Today, 50 newspaper CEOs are huddling at the American Press Institute in Reston, VA, to figure out how to salvage their industry.

On the one hand, their own newspapers are reporting on what numbskulls those automotive CEOs are and how they got us into this bind we're all collectively in--and even in some cases, how those recklessly mismanaging bums should be tossed out so that bailout money doesn't go to waste. And on the other hand, they can't seem to realize that, in looking at that story, they're staring into their own.

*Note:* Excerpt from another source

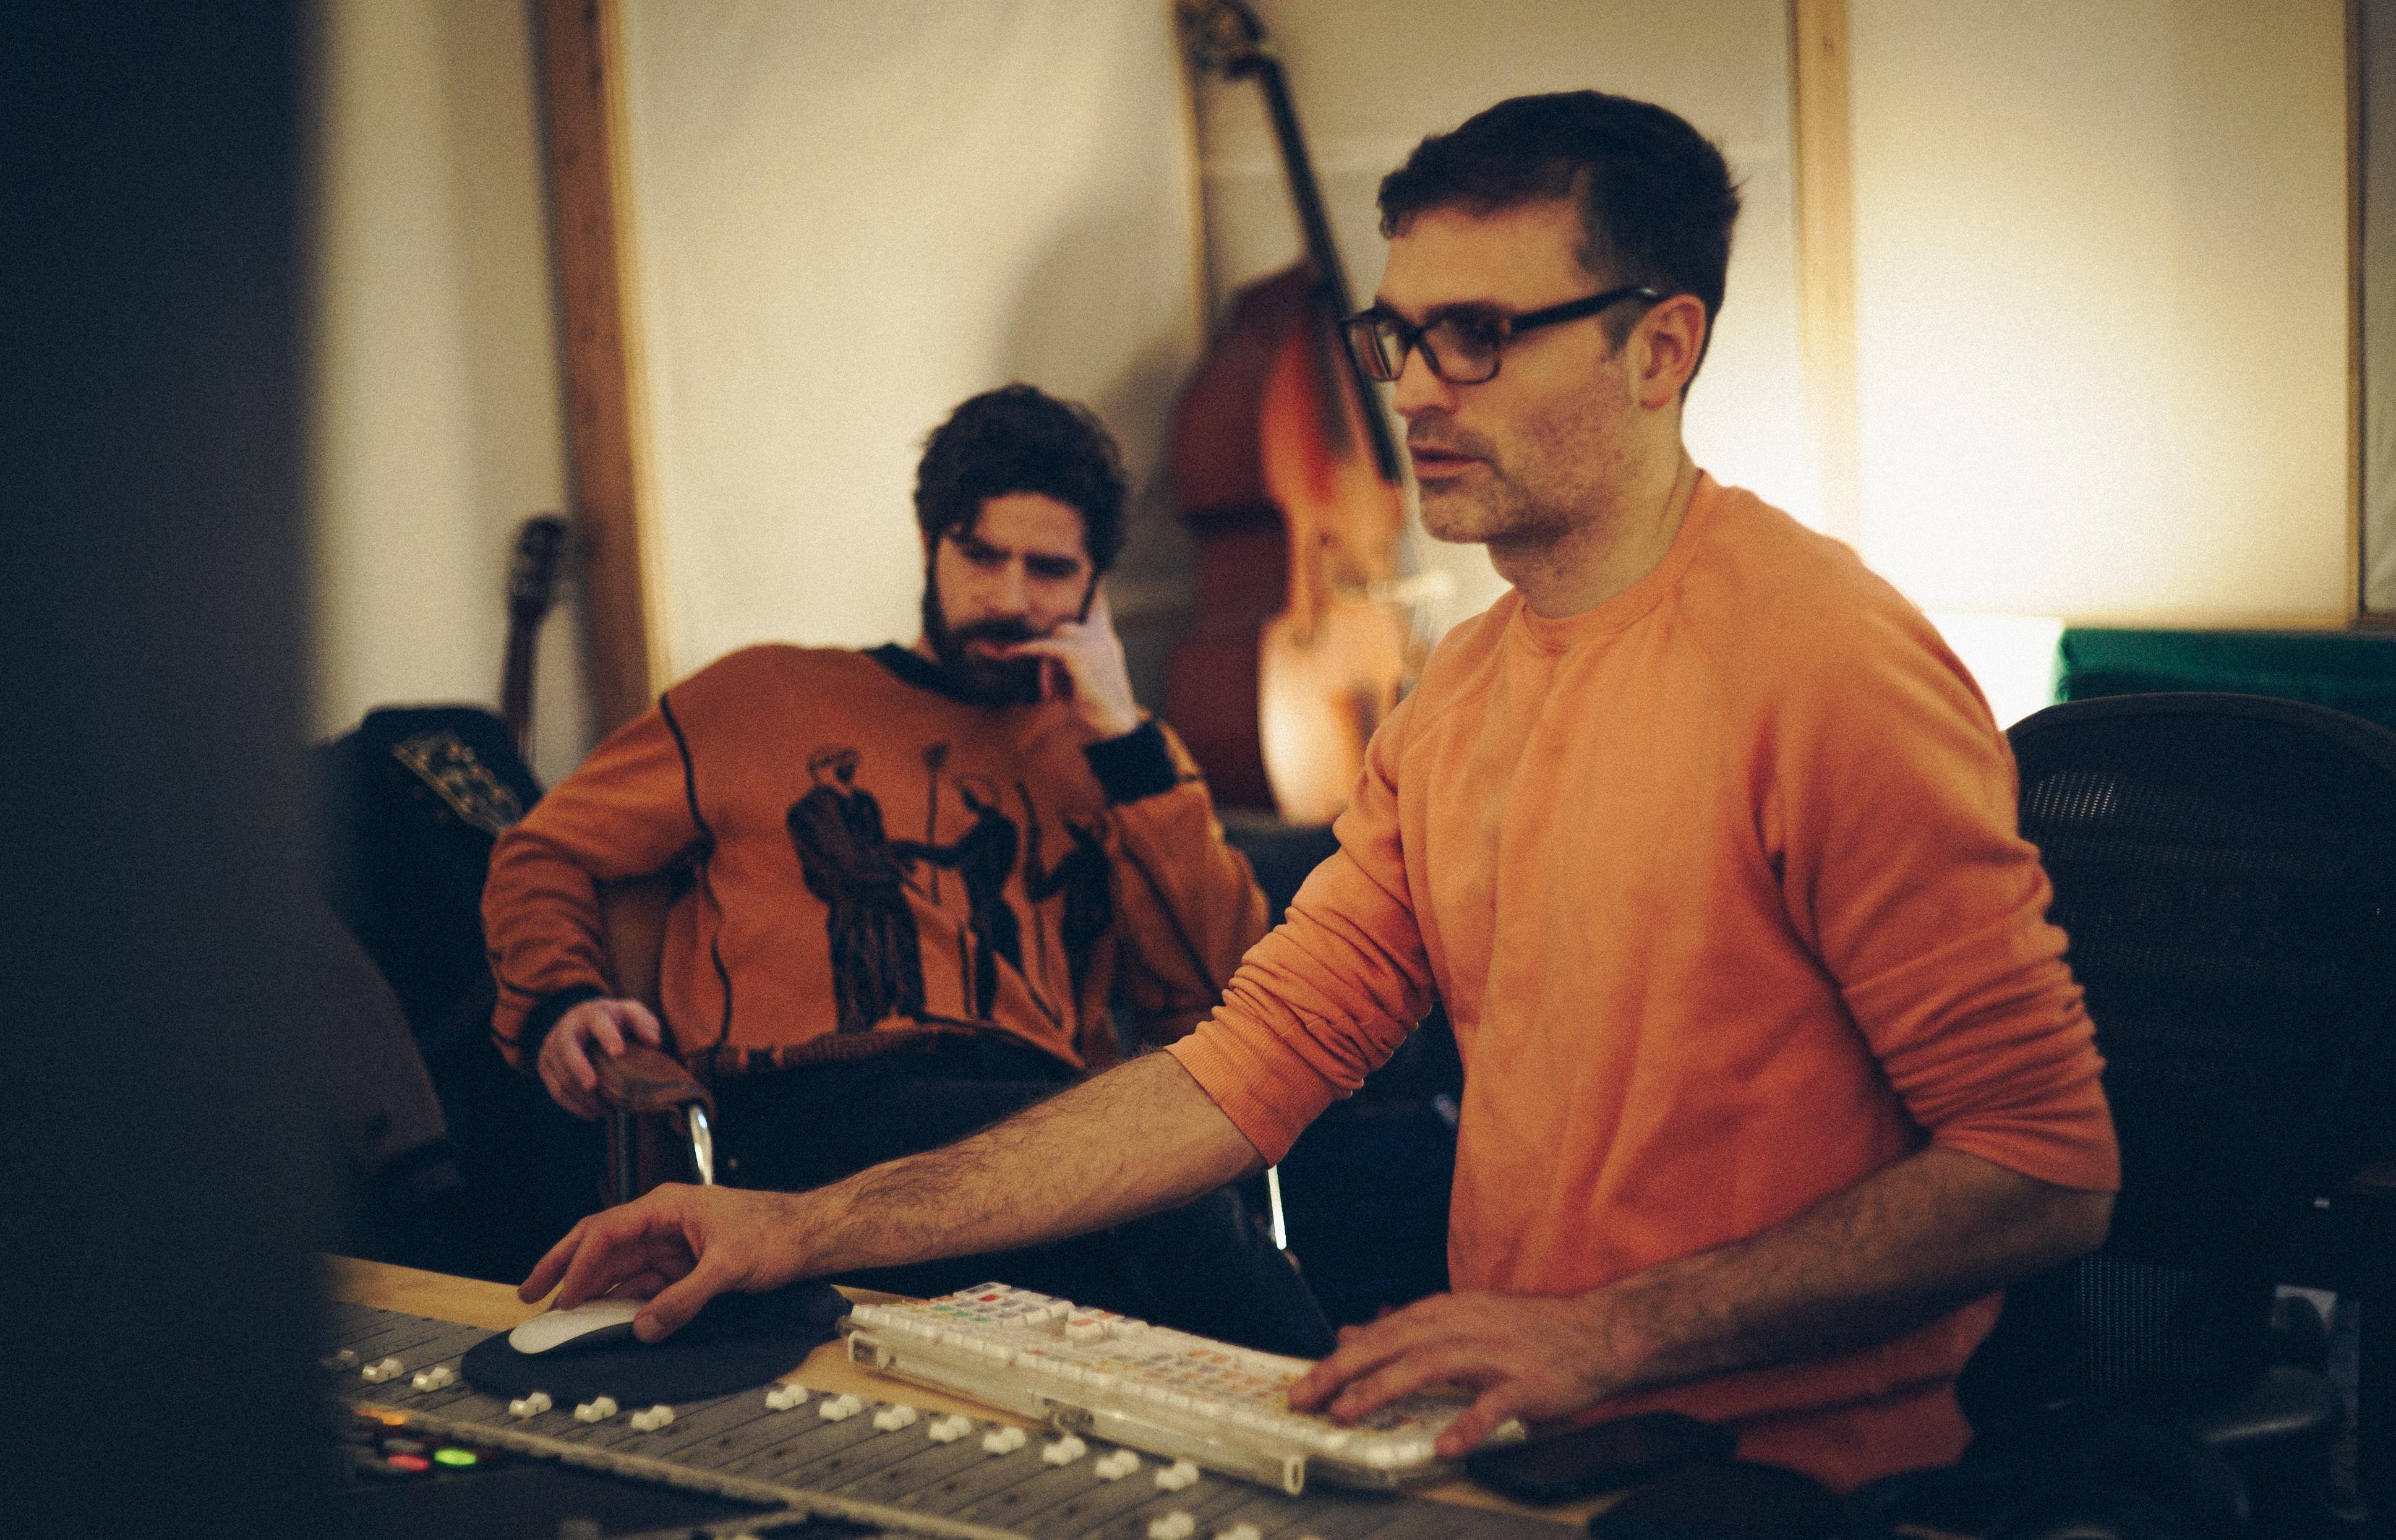 BRETT SHAW – 123 studios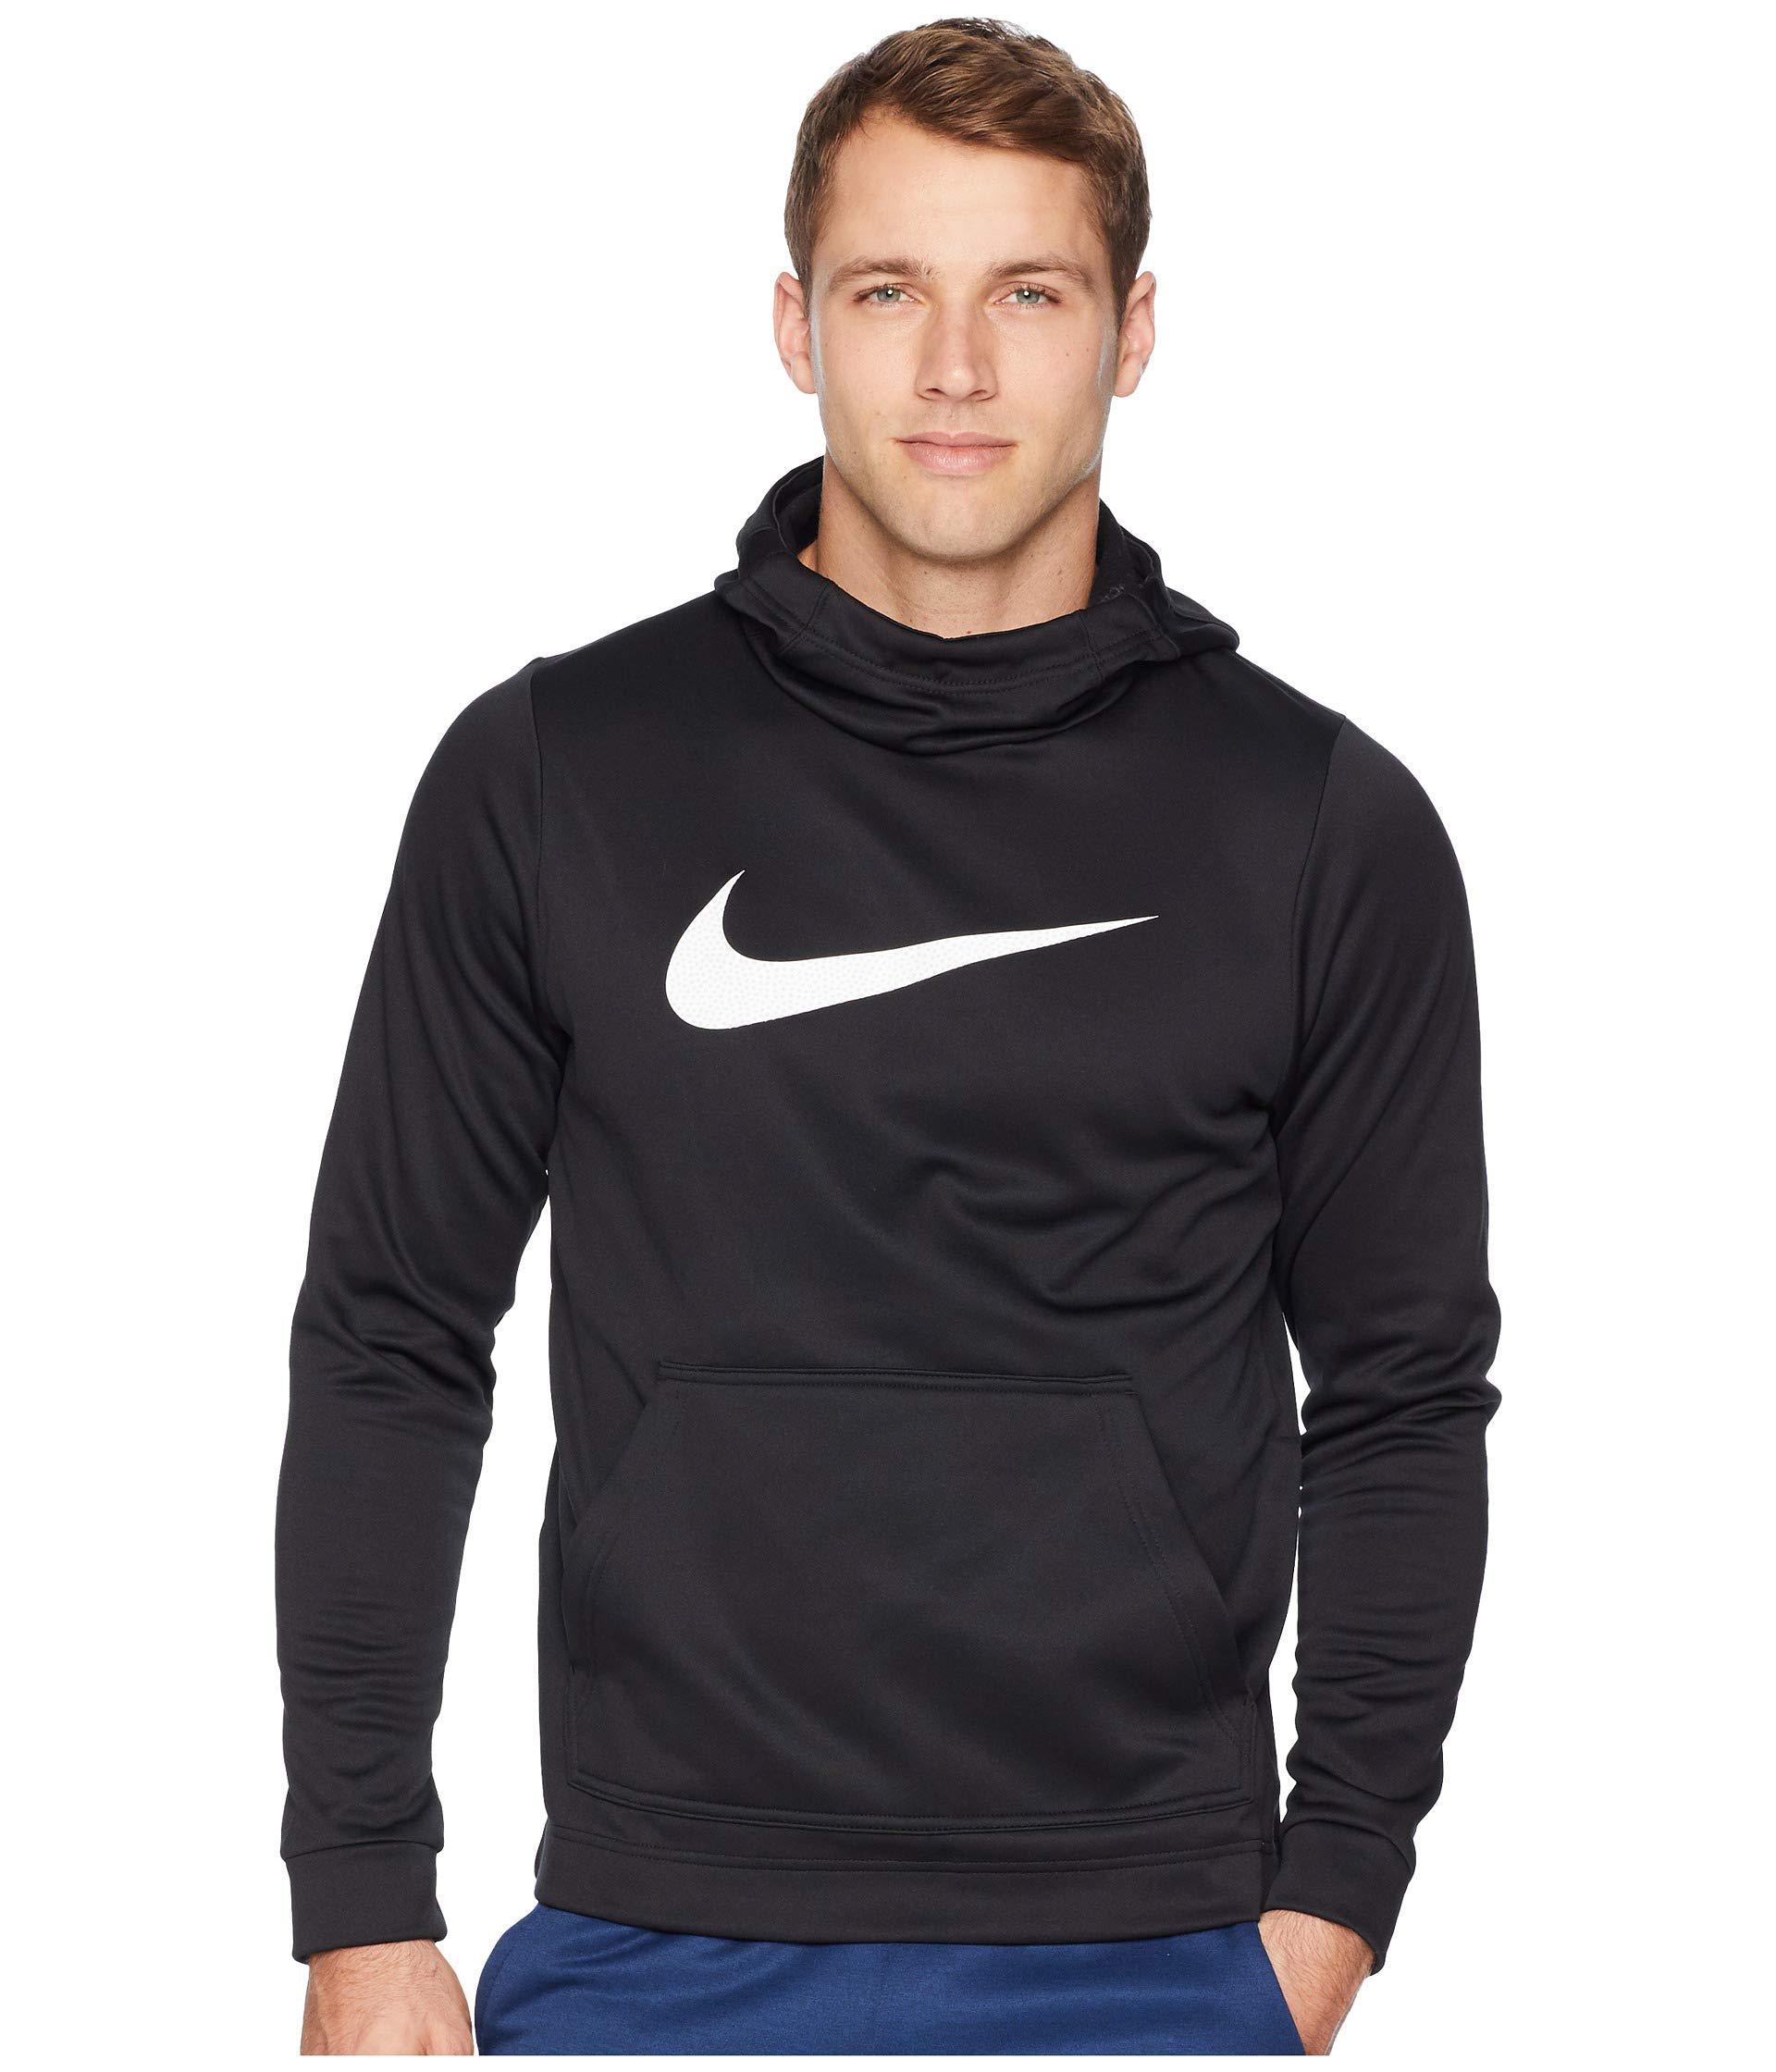 d65559b98d67 Lyst - Nike Therma Hybrid Pullover Hoodie (black white) Men s ...

There isn't a single person out there who believes the car manufacturers will find their way into the future without it being dictated to them from clearer-thinking folks. So why, I ask you, why does the news business think that the executives who exhibited the very same behavior as those car executives--who clung to the old ways of doing things when it was clear those old ways had no future--will be the ones to now figure out the future?

You know who should be in that meeting? The people who've been working on the future, who've figured out how to do journalism in the new world. Why didn't they invite the head honchos from Talking Points Memo, Politico, Nerve & Babble, TechCrunch, GigaOm, Yahoo! News, TreeHugger and Huffington Post? Granted, not all of these are "news" sites in the traditional "newspaper" sense of the word. But they are all sites that report news--and are doing so profitably. So maybe they know a thing or two about how to make things work in this new environment we're in.

Albert Einstein once said something to the effect of: "You can't solve a problem with the same thinking that got you into it." So why, could someone please explain to me, does the news industry think it can?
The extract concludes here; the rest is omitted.